Platform and Motherboard Selection
- Identify and procure a motherboard or server platform that supports extensive GPU scaling and PCIe bifurcation (similar to the setup demonstrated by PewDiePie).
- Ensure compatibility with ROCm and vLLM for distributed inference and multi-GPU coordination.
Initial Scaling (Pilot Models)
- Begin with well-known, stable models to validate infrastructure performance and reliability.
- Pilot hardware: AMD Radeon PRO R9700 AI or equivalent AI-focused GPU.
- Validate thermal performance, power delivery, and driver stability for continuous inference workloads.

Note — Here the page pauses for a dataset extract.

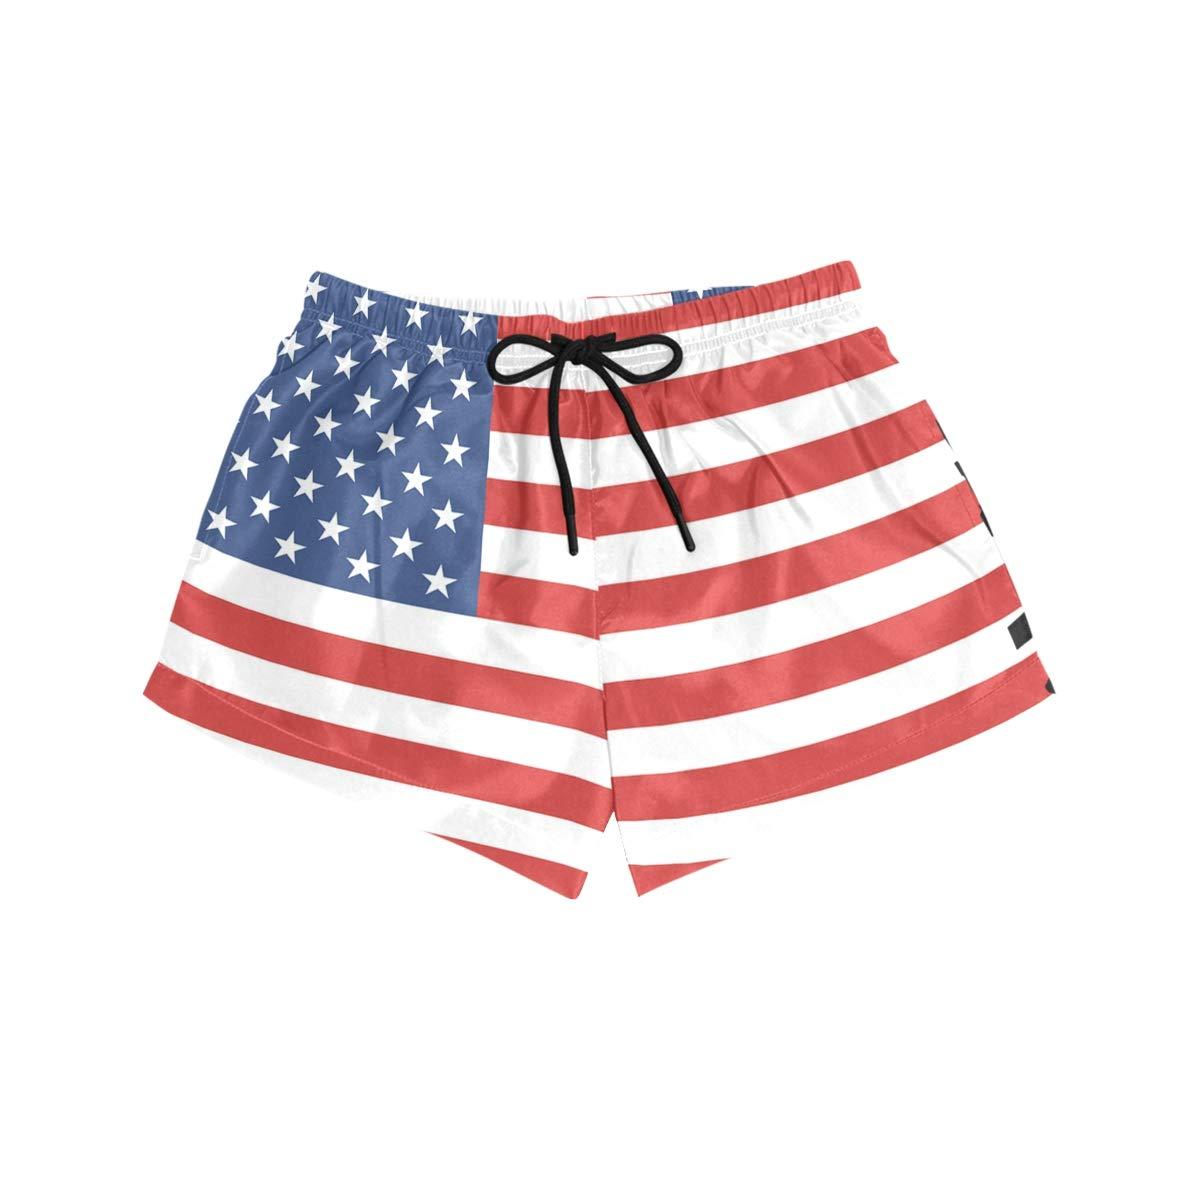 MALPLENA Womens Board Shorts American Flag Quick Dry Beach Boardshorts

Progressive Hardware Replication
- Once stable results are achieved with R9700 PRO, replicate the same environment using RX 7900 XTX and other AMD GPUs to benchmark performance scaling.
- Document compatibility issues, driver updates, and quantization performance metrics.
Cluster and Swarm Development
- Establish a Cluster System for large-model distributed inference and training.
- Build a Swarm System capable of parallelizing smaller AI instances (e.g., 7700 and lower-end GPU nodes) for local and academic deployment.
- Optimize inter-node communication, synchronization, and monitoring tools for mixed hardware setups.
Funding and Laboratory Deployment
- Fund the creation of a dedicated AI Lab focused on testing, documentation, and educational use.
- Provide access to partner schools for research, benchmarking, and AI model fine-tuning.
Open Compute and Tokenization Participation
- Study and participate in open-source projects that allow community-based compute contributions (similar to Folding@home).
- Learn and experiment with decentralized compute-sharing models that enable contributors to sell tokens or compute time securely and transparently.

Reference: Inspirational video:

End Goal: To make Comfac and its academic partners a recognized hub for open, scalable, and sustainable AI research using AMD technologies.